You are on page 1of 3

CAUSES OF DEFORESTATION

Deforestation is the clearing of vast areas of forest. The agents of deforestation have been actively at work. Logging companies continue to log legally and illegally. Dam builders continue damming the rivers and covering millions of hectares of forest under the dam reservoirs. Mangrove forests continue to disappear at the hands of the industrial shrimp farmers. Export-oriented agricultural crops and cattleraising activities have cleared acres and acres of forest. Industrial tree plantations such as pulpwood, timber and oil palm have resulted in the substitution of vast areas of diverse forest by alien tree monocultures. Mining and oil companies continue to destroy and pollute the forest .

However, it would be wrong to highlight only direct causes of deforestation such as logging, shrimp farming, plantations and dams. Its more important to go deeper into the matter in order to realise the underlying factors which constitute the root cause of the problem. Among these is the issue of overconsumption in the European countries, which results in an increasing demand for cheap raw materials and equally cheap farm products such as soya beans, meat or shrimps.

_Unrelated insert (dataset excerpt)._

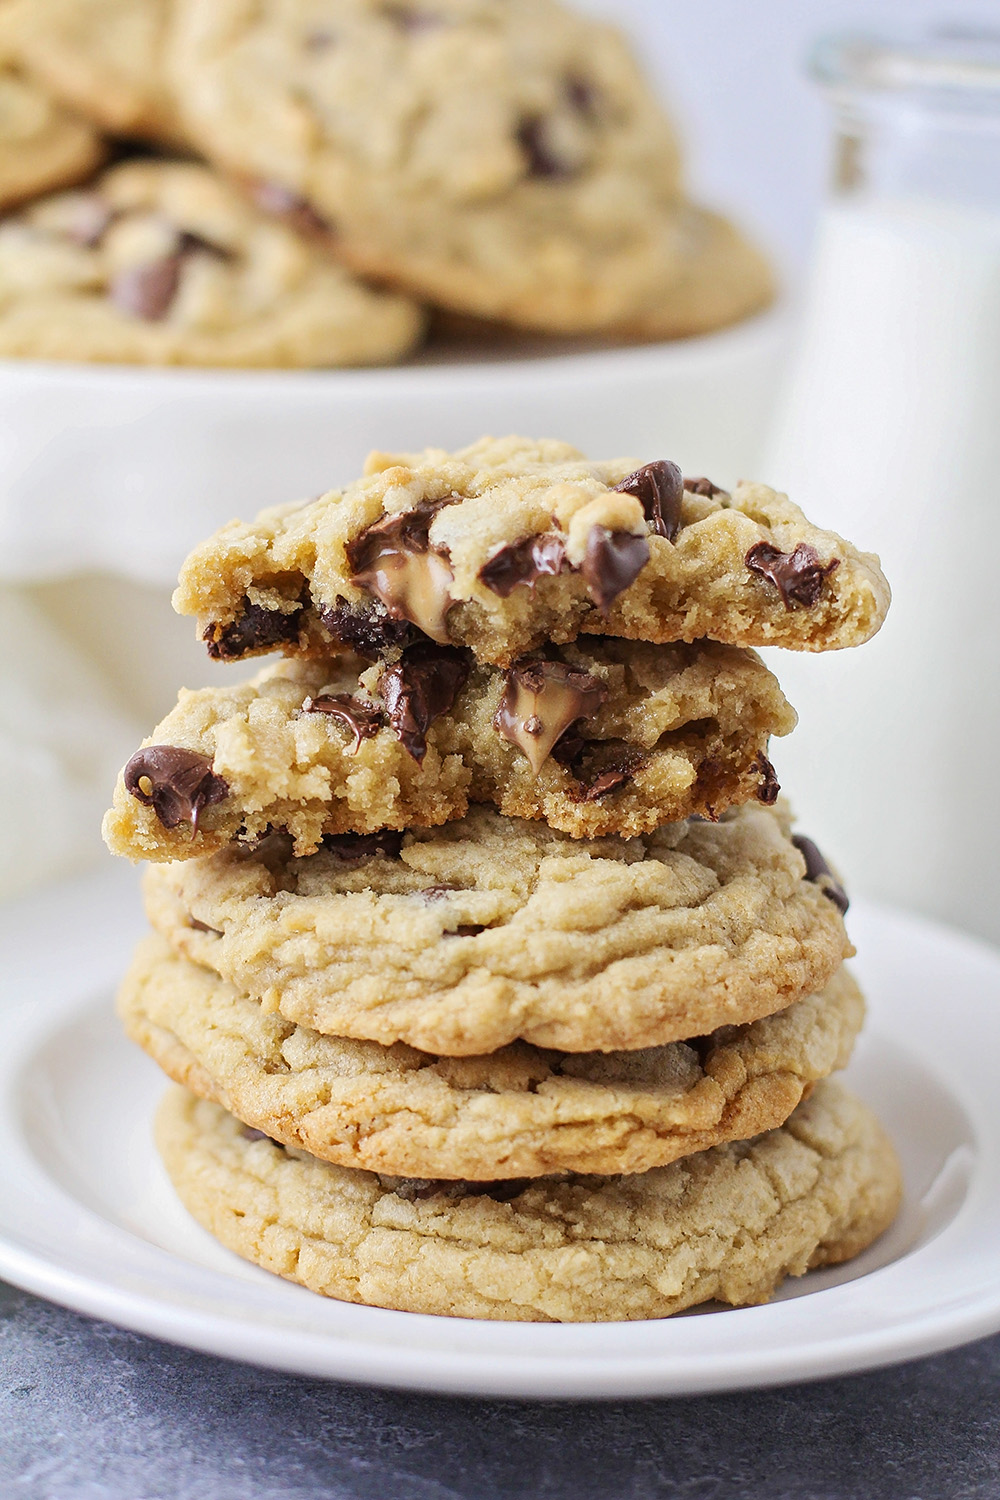 This is hands down the BEST chocolate chip cookie recipe! These cookies are crisp around the edges, gooey in the middle, and completely delicious!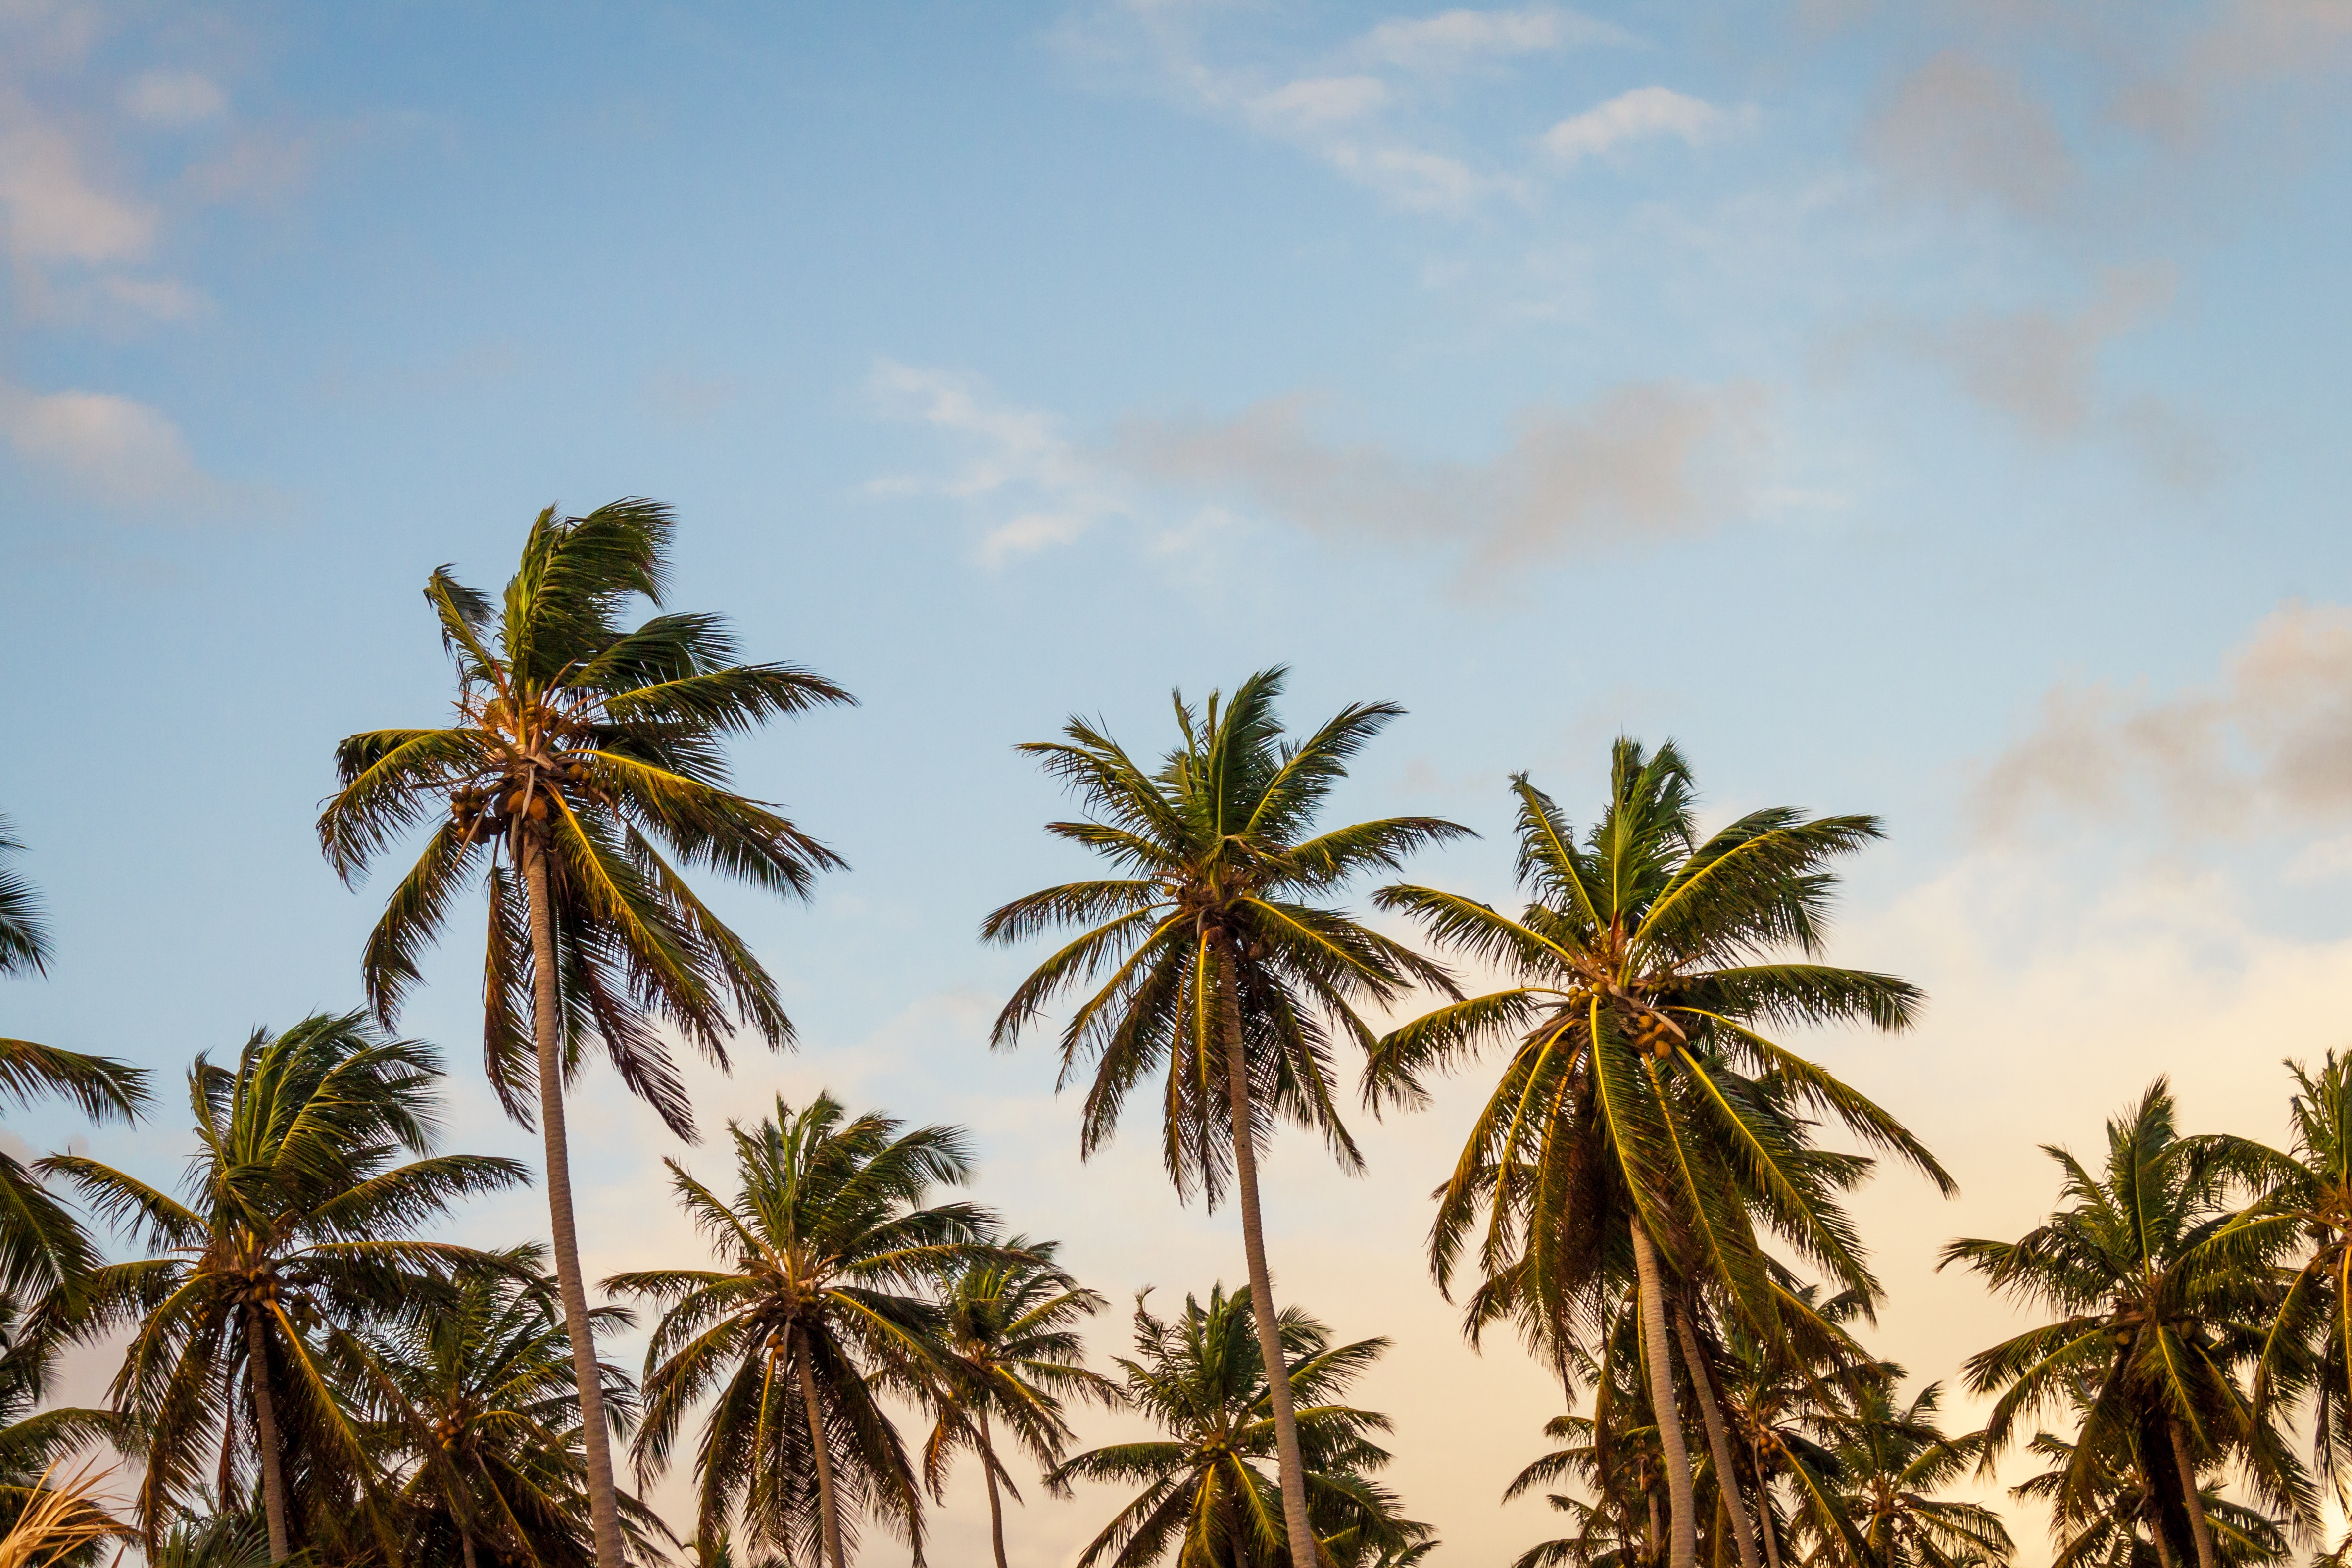 palm trees framed in front of a blue sky with light fluffy clouds

All these processes have resulted in severe local and global environmental impacts and all those impacts and all those impacts result in human suffering. The effects of deforestation can be seen at different levels. Firstly, it has important local negative consequences. To the people living in the forest and other forest-dependent people, deforestation implies the loss of their possibilities of survival as independent cultures. For them, the forest is their home and provides them with food, medicibes, building materials, firewood, water and all the material and spiritual elements that assure the long term survival of their community. The disappearance of the forest means the loss of these elements and consequently implies malnutrition, an increase in illnesses, dependency, acculturation, and in many cases emigration and the disappearance of the community itself.

Secondly, deforestation results in impacts at the regional level. As forests assure the preservation of water, soils, plants and wildlife in general, their destruction causes serious impacts such as extensive flooding, aggravated droughts, soil erosion, pollution of watercourses and the appearance of pests. Such

impacts affect the lives and health of people at the regional level as well as their productive activities such as agriculture, cattle-raising and fishing. Protecting the forest therefore implies supporting local peoples struggles for their rights while at the same time working to generate conditions to address the root causes of deforestation at both the national and international levels. Only when that happens, will forest be saved and forest-dependent people be able to live in peace and harmony with nature.

Finally, deforestation also implies serious consequences at the global level. Forest have important fuctions in relation to climate and their disappearance affects humanity as a whole. When trees are burnt or cut down, the carbon that has been stored up in the forest is released into the atmosphere, thereby increasing the level of carbon concentration in it and thus aggravating the greenhouse effect. Tropical forests are home to a large part of the planets biodiversity. Both animal and plant species tend to disappear together with the forest and the rate of their extinction become faster.